This is an introductory article about Pre-Implantation Genetic Testing for Aneuploidy (PGT-A, formerly known as PGS) using sequencing-based read-counting. The procedure is simplified and I am avoiding to talk about specific companies or products here.
Increasing the chances of a successful pregnancy by looking at the embryos chromosomes
During an IVF cycle there are in most cases multiple embryos available for transfer to the woman hoping to become pregnant. IVF treatment is expensive and a stressful experience for the woman. The goal of the treatment must therefor be to have success after one or only a few cycles. Factors contributing to success or failure of an IVF cycle are various, many of which are still poorly understood. One of the best-understood factors is the genomic make-up of the embryo(s) transferred: If the cells have a non-standard number of chromosomes, the chances of survival are very low for the embryo.
In order to select an embryo with a high chance of implantation and pregnancy, Pre-Implantation Genetic Testing for Aneuploidy (PGT-A) can be performed. This procedure can assess the genome of an embryo at a high level by identifying the number of chromosomes found in a few cells sampled. Deeper levels of genetic analysis are of course also possible, but the impact of these findings is usually poorly understood and would lead to a selection process that we should stay clear of!
Counting chromosomes by counting sequencing reads
Determining the copy-numbers of every chromosome can be reliably done with sequencing-based approaches nowadays. One way to achieve this is the read-counting method employed by many software solutions and commercial products. The method can be outlined as followed:
- Extract and amplify the DNA of a few embryonic cells
- Generate a sequencing library
- Perform shallow-depth sequencing
- Align the sequencing reads back to the human reference genome
- Count how many reads you see in the different regions and chromosomes and
- Determine the copy-numbers from this measurement.
This is of course vastly simplified and cannot be discussed at every level of detail here, but we can focus on the last steps a bit further.

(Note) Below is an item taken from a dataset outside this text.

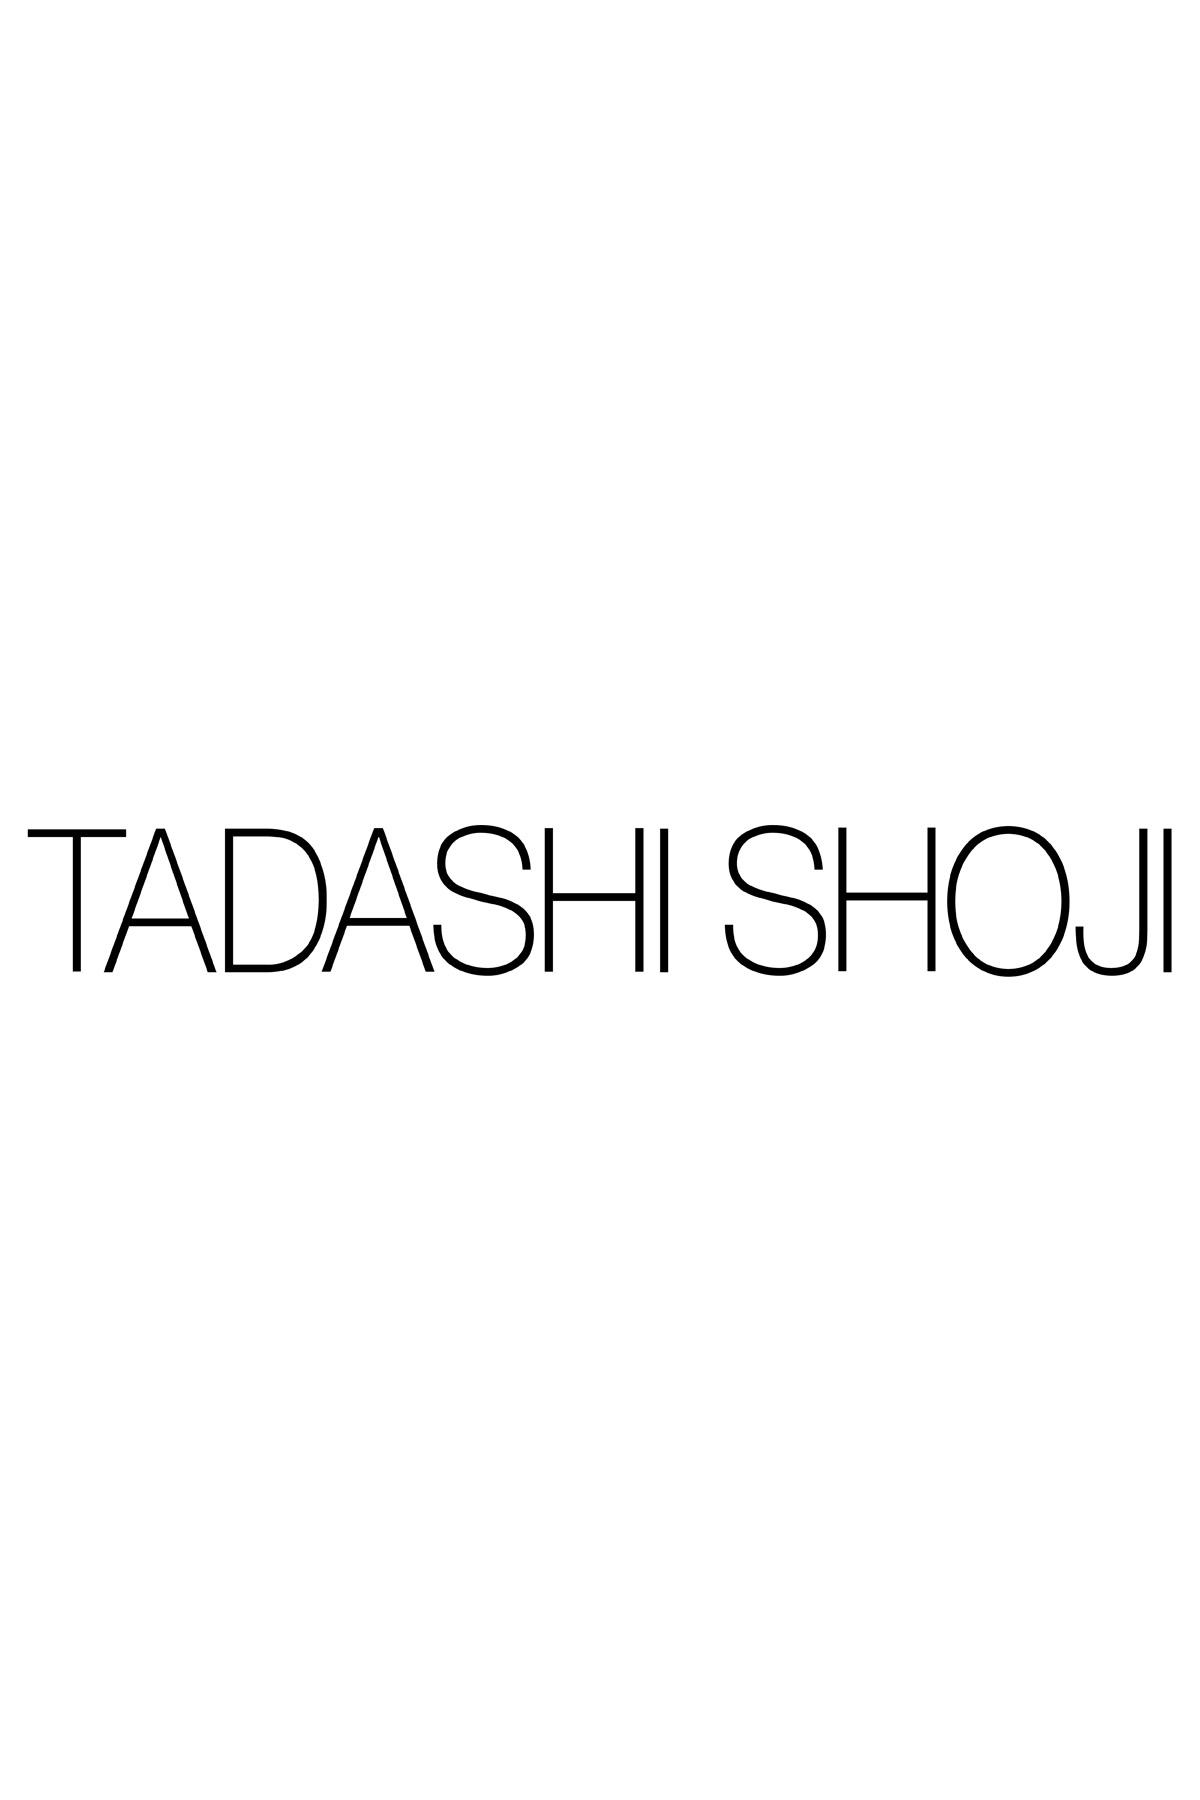 Tadashi Shoji - Chiarita Floral Print Dress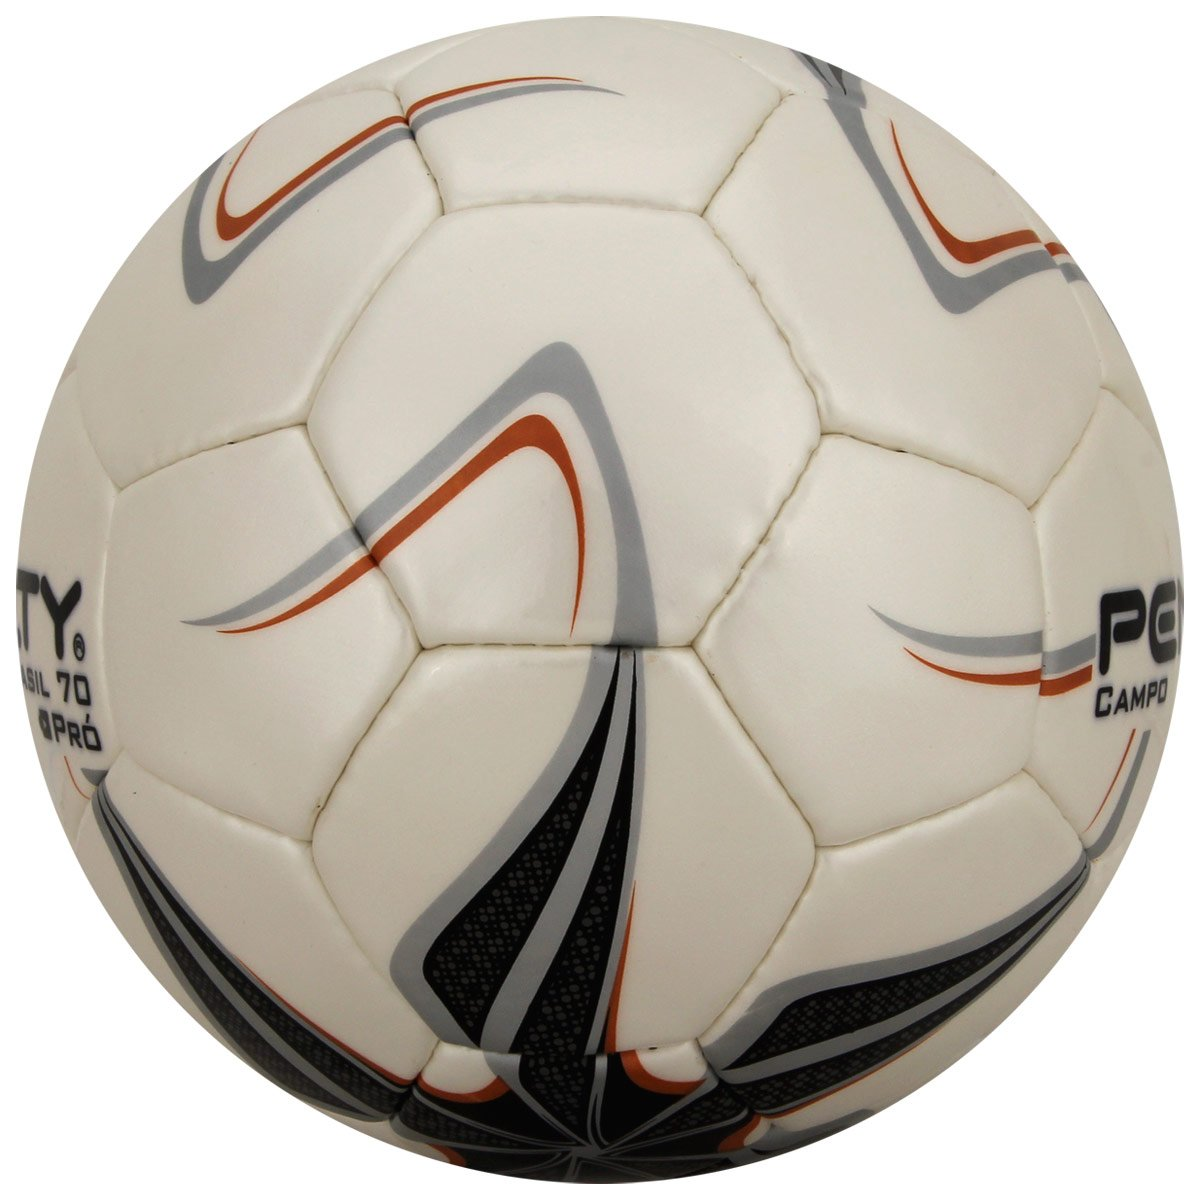 6a21ec78a9 Bola Futebol Penalty Brasil 70 Campo Infantil - Compre Agora

The theory we build on is that if the retrieval of the cells, the generation of the sequencing library and the experimental protocol are kept the same, the number of sequencing reads counted in a specific genomic region should only depend on two factors:
A. The characteristics of that genomic region: Some parts of the genome are amplified more rapidly than others and will be overrepresented in the mixture.
B. The amount of input material: If there was an extra copy of the chromosome we should have more DNA going into the sequencing process and also see more reads coming out for this specific region.
Factors underlying point A are mostly based on the characteristics of the amplification reaction mentioned in step 1 above (e.g. which polymerase enzyme is used) and the base-composition of the genome itself. The latter mostly comes into play when we try to place the sequencing reads found back on the reference genome: If the genomic region the read originates from is repeated a few times on different chromosomes, this alignment process cannot reliable determine where to place the read and it has to be discarded. However, as the genome is >99% identical between individual and because the amplification reaction should be performed in a standardised way, this type of bias is relatively constant. Point A above can therefor be analysed beforehand and this amplification and mappability bias can simply be removed. This leaves us with the differences originating from point B – which are the actual differences that we are trying to assess in the embryo.
In a standard human cell there are 2 copies of each of the autosomes (chromosomes 1 to 22), this becomes our „normal“ level. If we look at the actual numbers of reads counted, we can derive the most likely copy-numbers of the region by comparing them to our normal level:
|Theoretical numbers of reads||0*||50||100||150||200|
|Assumed copy-number of the region||0||1||2||3||4|
* There will usually be a few reads erroneously found in these regions
Even with very strict protocols there will be variation in read numbers though, making the the assessment more challenging. Additional processing steps can be applied to clean and smooth the data. For this to work it is assumed that most regions are at the “normal” level and that neighbouring measurement point behave similarly in most cases.
Visualising the measured copy-numbers for each region is a key part in the embryo assessment. Autosome read counts outside of the grey shaded area in the copy-number plot above would be considered gained / lost. The sample shown seems to have 3 copies of chromosome 16. Chromosomes X & Y show copy-number 1 as this would be a male sample.
This assessment can now guide the decision which of the embryos might have the highest change of survival bases on its genomic make-up and could be selected for implantation during an IVF cycle.